Thursday, January 21, 2010

Illiterate Jesus

Just figured out why Christianity is more popular than ever in the States. Jesus was illiterate. He's completely non-threatening to a very large number of people, like a few other current popular American figures - Sarah Palin, George W. Bush, Rev. Pat Robertson. Even better for Him - everybody wrote about Jesus, while He didn't write jack shit. Makes Him look great. Like when you talk up a buddy of yours to a girl. Works every time.

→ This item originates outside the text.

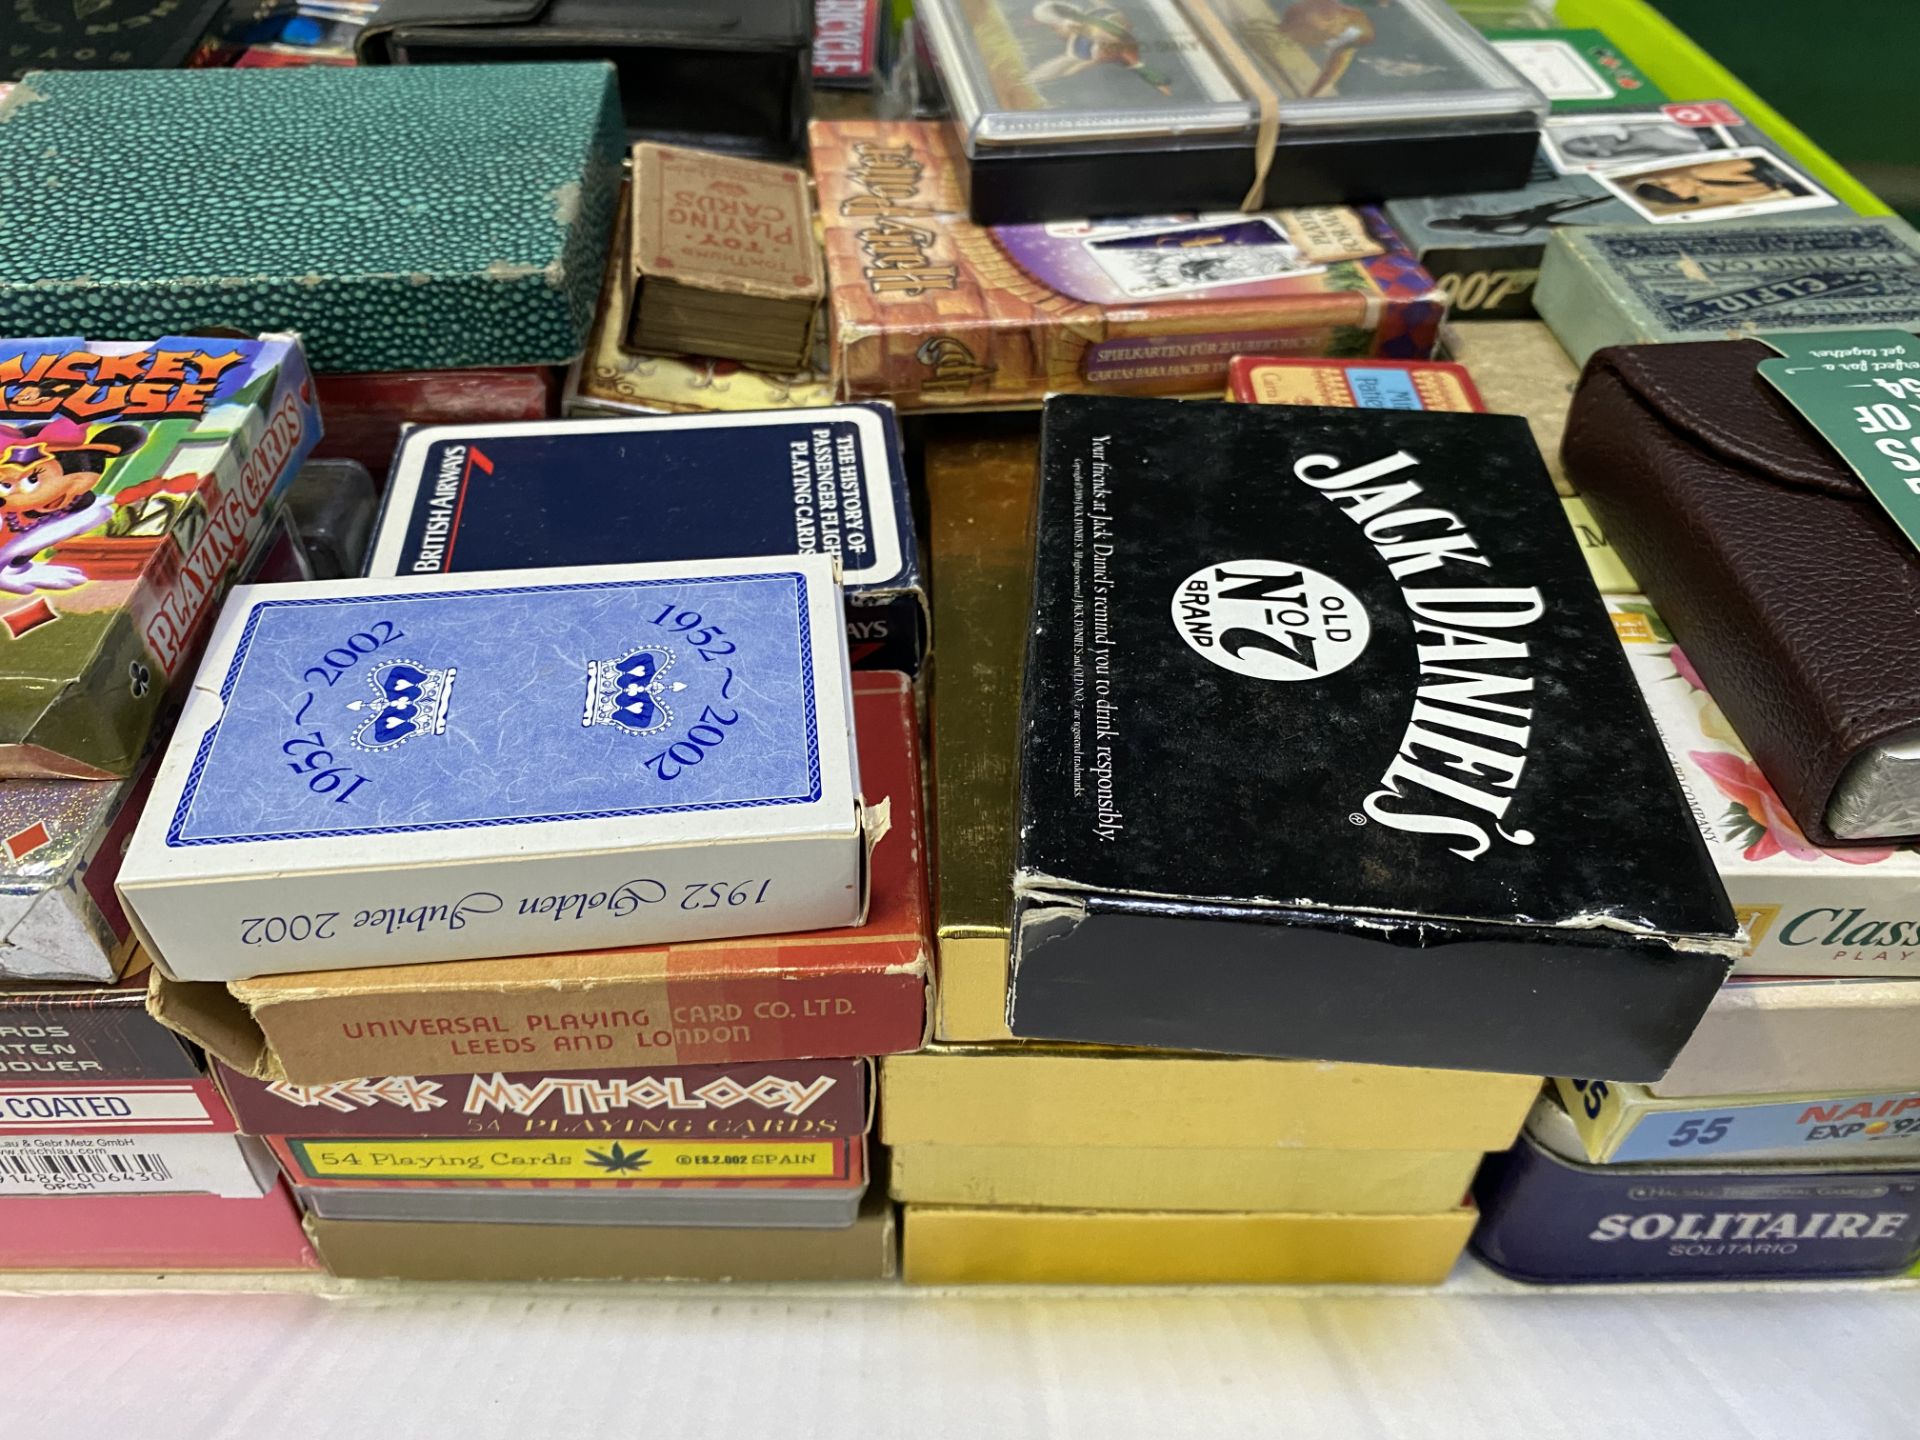 Approximately 200 packs of playing cards; together with portfolio folders of "Joker" playing cards. - Image 2 of 5

No big deal that He couldn't write - most people couldn't at the time. The guy was apparently a great talker and that's gotta count for something. Not sure the people that follow Jesus' teachings are great readers themselves. Looks like they may be missing the point. Try and explain how 99.9% of NRA members are Christian. Don't remember the passage in the bible where He talks about filling people full of lead for stealing. It's staggering how mixed up Jesus' original message has gotten. Perhaps that's because He didn't actually write anything down.

4 comments:

Anonymous said...

should the son/Son be He/Him? or he/him?

or simply le douche?

PPH said...

Fuck who gives a shit about this jaysus mofo. Life goes so fast and we contemplate the murmurings of some faggot who lived 2000+ years ago. Fuck him in the nostrils. I hope a meteorid lands on the vaticandyland and they all suck each others dicks on the way across the parking lot.

Rusty said...

Well said Peter Pumpkin Head. Well said indeed.

Anonymous said...

If everyone spent the time they usually spend in church doing something actually worthwhile we could accomplish some shit.